The Nature and Meaning of Numbers starts on page 26 of the pdf file above. This is numbered page 21 of the latex created pdf. Note this is a recent pdf from Latex and therefore has recent pdf features. This makes it the better one to use. However, page references do not correspond to the printed version from Dover or to the scanned version.

Project Gutenberg homepage on book

http://www.gutenberg.org/ebooks/21016

Google books scanned in a 1909 printing of the Wooster Woodruff Beman translation into English.

Essays on the Theory of Numbers, by Richard Dedekind

Page 57 of the above if one downloads the pdf there is where “The Nature and Meaning of Numbers” starts.

One can also buy the paperback from Dover to carry around.

This book should be studied closely, starting with this second essay, not the first. This is something to study as a Confession of Arithmetic Faith. Drills are works. Dedekind is a catechism that is worth learning almost to the point of memorizing parts of it.

Students in the primary grades need something to learn by heart that represents the faith component of arithmetic. Dedekind is exactly that. Faith is faith in something. For that one has to have a creed that is written down to memorize. Dedekind’s essay is a little long for most of us to memorize, although it is possible for some.

However, we should study it over many times just short of memorizing it. This will then become the faith part of faith and works in learning arithmetic. The study drills are the works part.

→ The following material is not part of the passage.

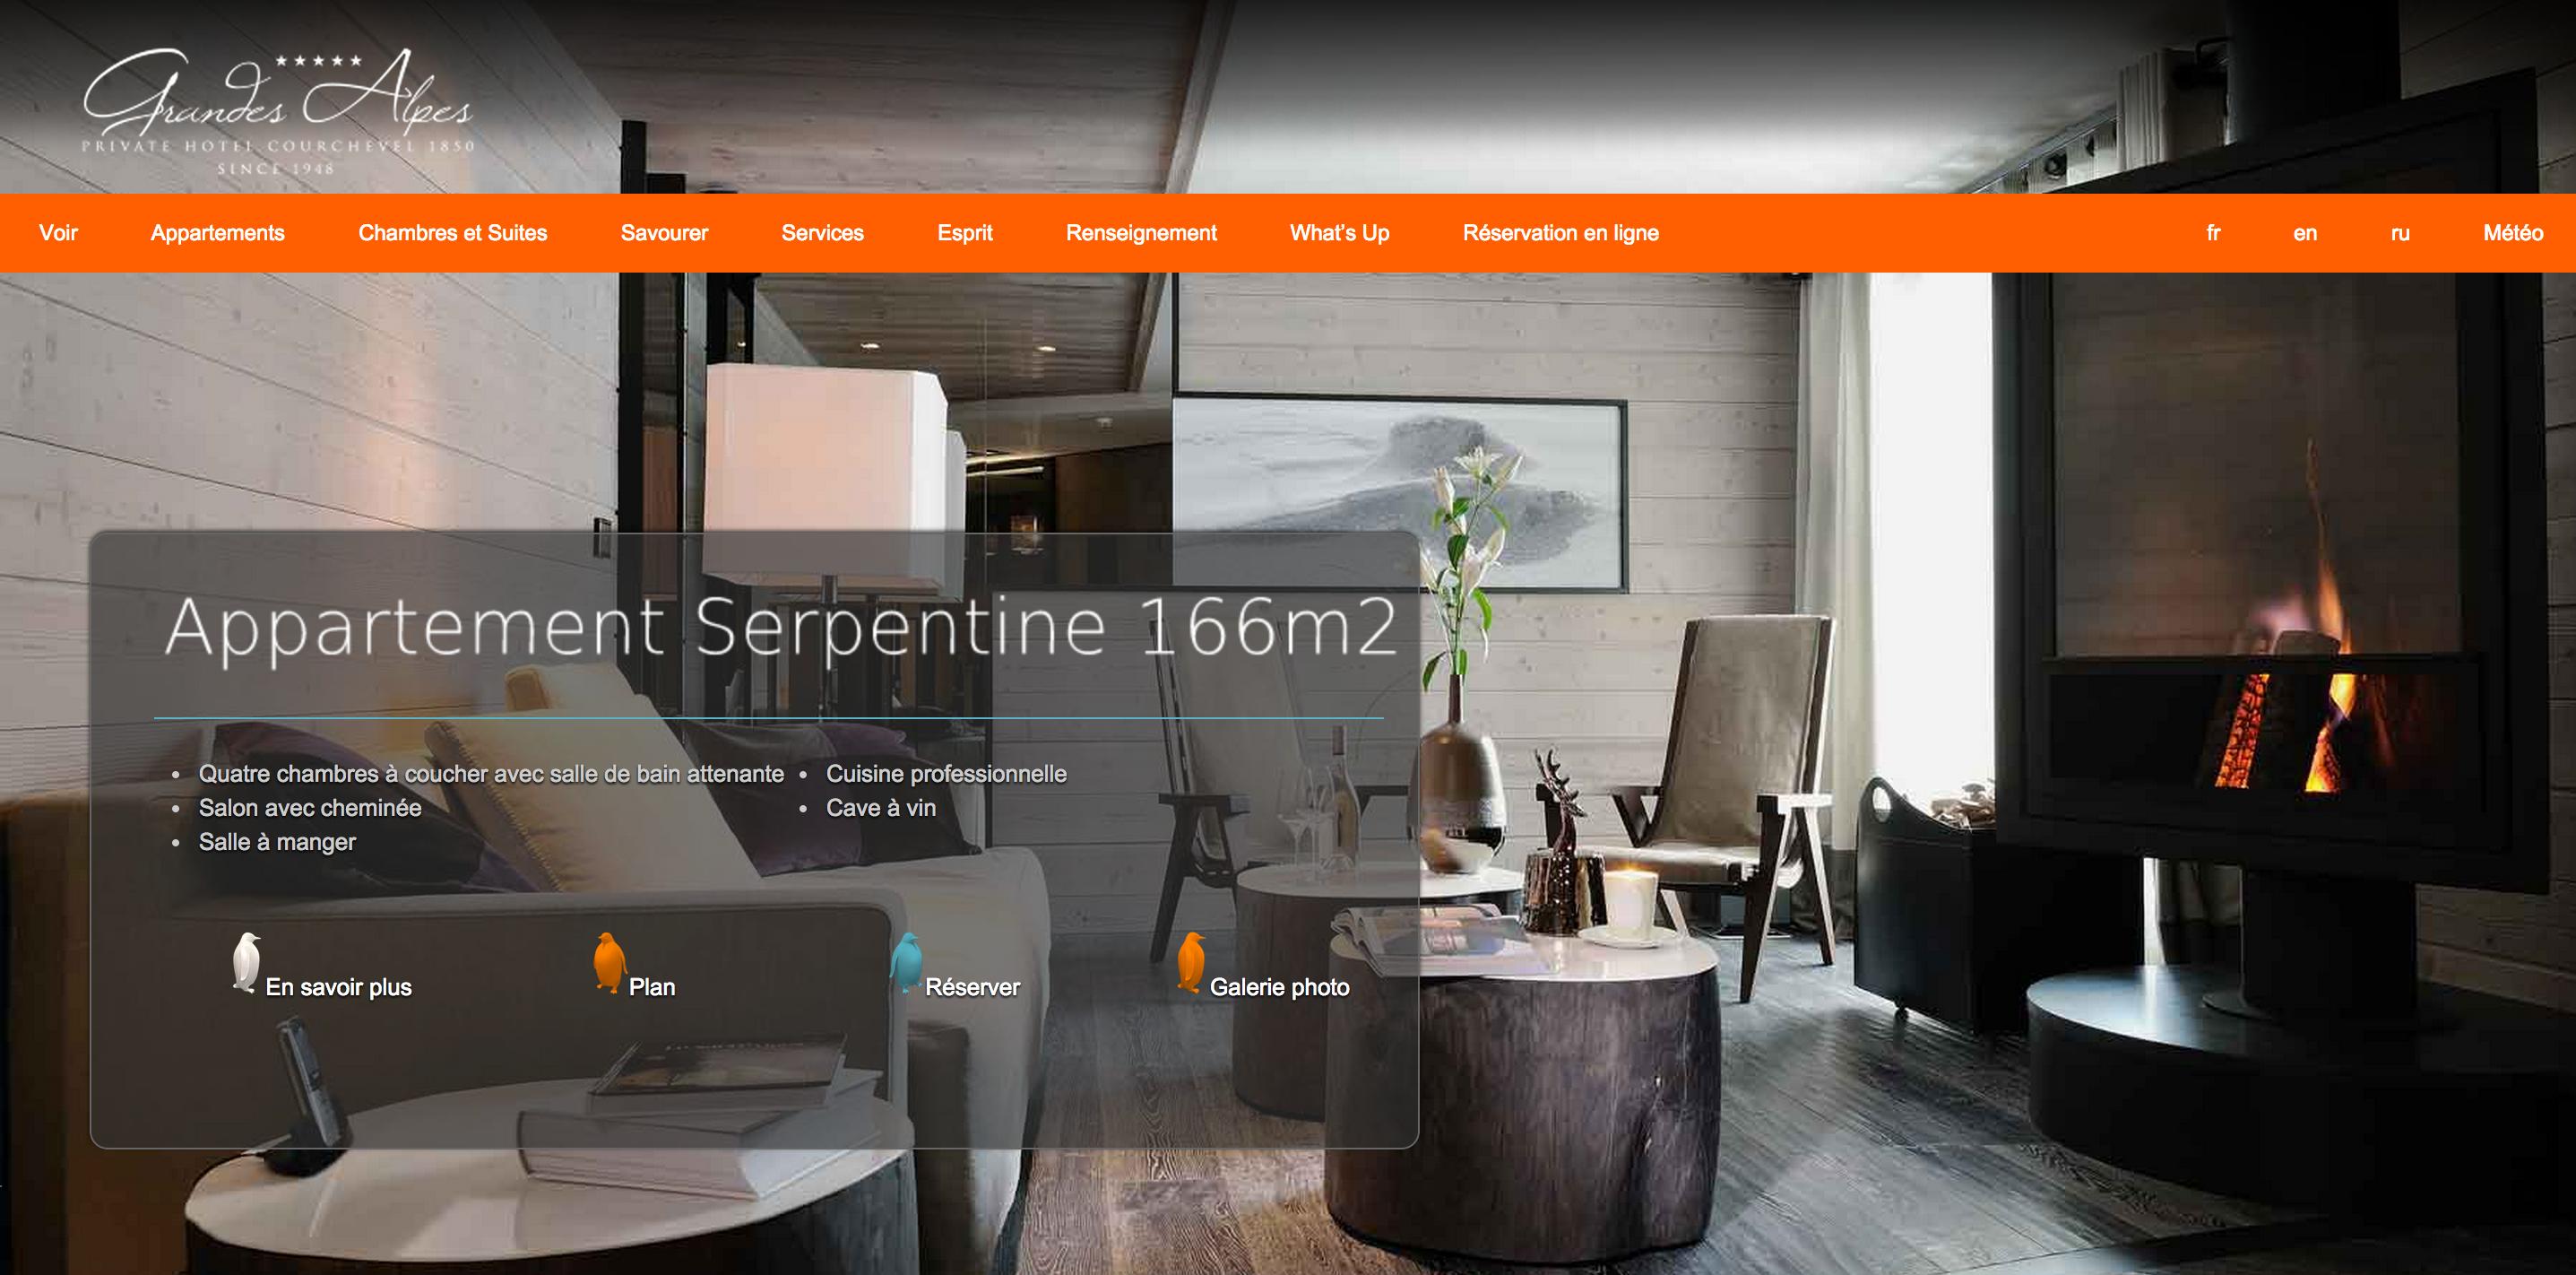 Webmaster pour hôtels de luxe

Those are already available in abundance for the traditional parts of arithmetic.

Neither faith nor works alone are sufficient for learning arithmetic. It takes both. Faith without works is sterile and works without faith lacks meaning and inspiration. Both together are needed to learn arithmetic. This was realized by the creators of 1960s era New Math. They simply did not have the vision of learning arithmetic from the Peano Axioms through the place value notation algorithms as a unified logical whole. That is what 1960s New Math failed. It lacked a Confession of Faith that could serve as inspiration, guide and to unify the faithful.

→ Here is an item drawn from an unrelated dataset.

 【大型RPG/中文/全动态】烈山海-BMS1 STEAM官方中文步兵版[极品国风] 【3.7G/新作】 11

The central part of the Dedekind essay are statements about what he calls chains. These are what we call closed sets under succession. So all numbers from 2 onwards is closed under succession because the successor of each member of the set is in the set. We call this the tail of 2 and it includes 2.

Dedekind goes through the properties of closed sets, he calls them chains, in detail. He does one small lemma after another. These have short proofs. These are not something to be skipped but to be studied closely. One does not know and has not learned the natural numbers until one knows these lemmas thoroughly.

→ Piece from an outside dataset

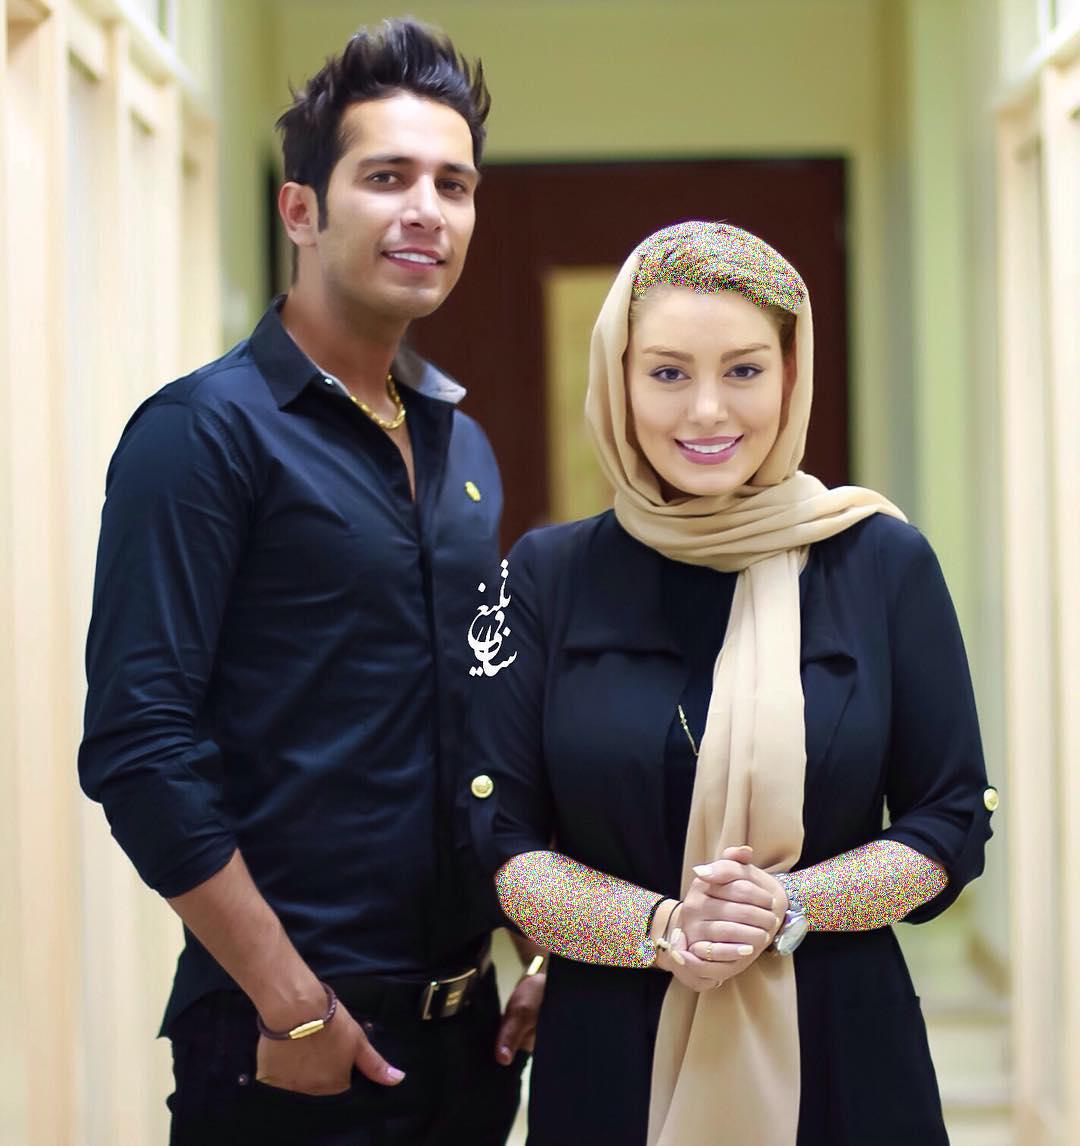 سحر قریشی بازیگر سینما در کنار همسرش!+عکس

Doing addition first to make it easy doesn’t work. This is because the proofs in Dedekind of these lemmas are the real explanations of the meaning. Proofs of the same lemmas using addition would be more cumbersome and less explanatory. This is because they would be putting the cart before the horse.

The meaning of arithmetic starts with the meaning of sets closed under a function like successor. With certain adaptations, these lemmas also work for predecessor applied to the natural numbers. We need to make the change that a set is closed under predecessor if for each number in the set, the predecessor is in the set, if the predecessor exists. This is because zero has no predecessor. The sets closed under predecessor are the initial segments or head segments. If we start from zero as the natural numbers they are sets without a gap that include zero and include every number from zero up to some maximum.

The art of Dedekind is to define these things in order so it is not circular. The above explanation used many concepts to explain it that are familiar but really come later in logic.

A gapless set can be defined as a set that contains the predecessor of each element except for one, and the successor of each element, except for possibly one element. If it has an element with no successor it is finite. The initial segments are finite gapless sets that contain zero. The tails are infinite gapless sets.

The logic of the natural numbers comes from understanding these 3 types of sets. Counting and addition are understanding functions between such sets. For example, if we have a head segment from 0 to i and then a gapless set from i’ to w and there is a 1 to 1 correspondence between a head segment from 0 to j and i to w, then w is the sum of i and j.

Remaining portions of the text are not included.